Chimamanda Ngozi Adichie's Writing Style
We ate the pizza sitting at a small round table in what he called a “food court.” A sea of people sitting around circular tables, hunched over paper plates of greasy food. Uncle Ike would be horrified at the thought of eating here; he was a titled man and did not even eat at weddings unless he was served in a private room. There was something humiliatingly public, something lacking in dignity, about this place, this open space of too many tables and too much food. (p. 176)
Adichie is also very skilled at writing simple but compelling story beginnings that entice readers to keep reading. In addition to the excellent opening of the title story, here are two others I especially liked:
Here is the opening paragraph of “Imitation”:
Nkem is staring the bulging, slanted eyes of the Benin mask on the living room mantel as she learns about her husband’s girlfriend. (p. 22)
And the first two sentences of “A Private Experience”:
Chika climbs in through the store window first and then holds the shutter as the woman climbs in after her. The store looks as if it was deserted long before the riots started…. (p. 43)

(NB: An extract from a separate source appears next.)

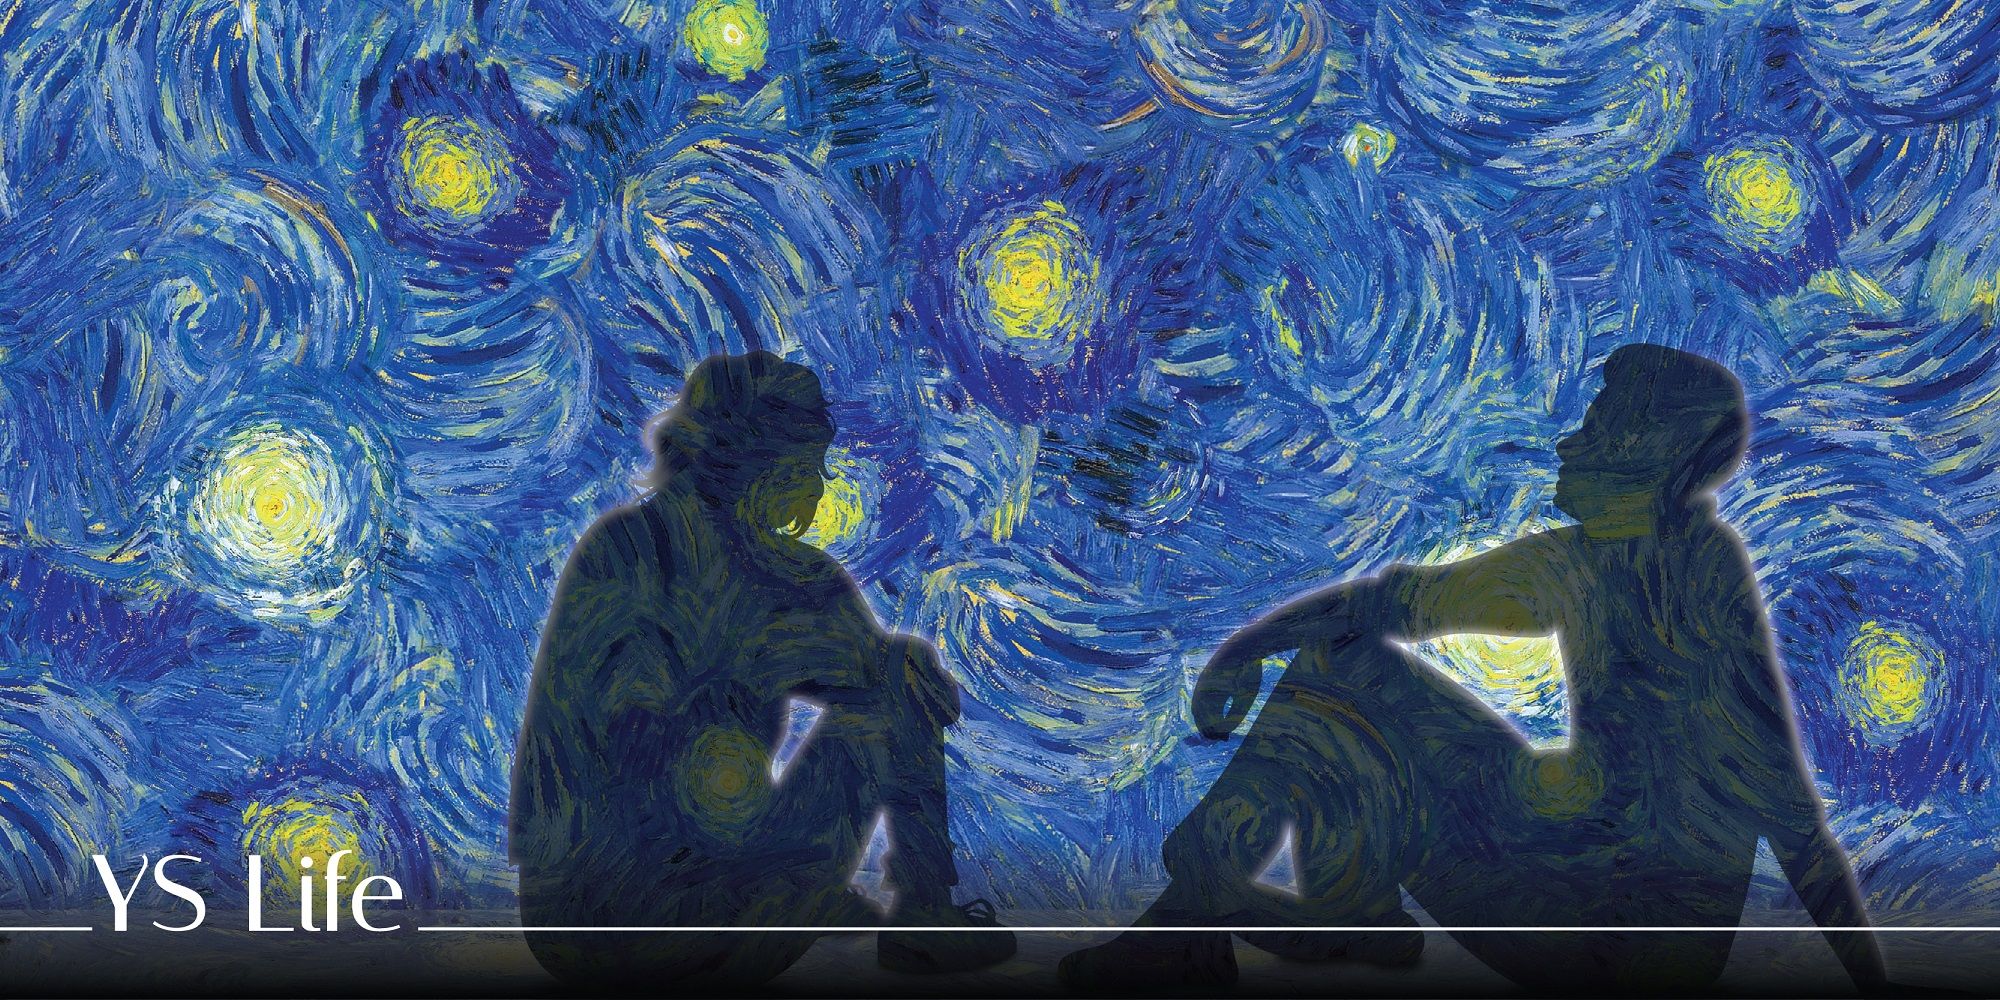 Vincent van Gogh: Two men throw soup on Vincent van Gogh's iconic

About Chimamanda Ngozi Adichie

It was not until Adichie was ten years old when she read Chinua Achebe’s Things Fall Apart that she began to realize that “‘people who looked like me could live in books.’ She has been writing about Africa ever since.” By the time she was 21 years old, Adichie had published a collection of poems and a play. She studied in both Nigeria and the United States, earning masters degrees in creative writing and African studies.
Her two novels, Purple Hibiscus (2003) and Half of a Yellow Sun (2006), are both set in Nigeria and won several awards. Her most recent novel, Americanah, (2013), which explores issues or race, identify, and love in post 9/11 Nigeria and the United States, has also won awards. The Thing Around Your Neck is her first collection of short stories.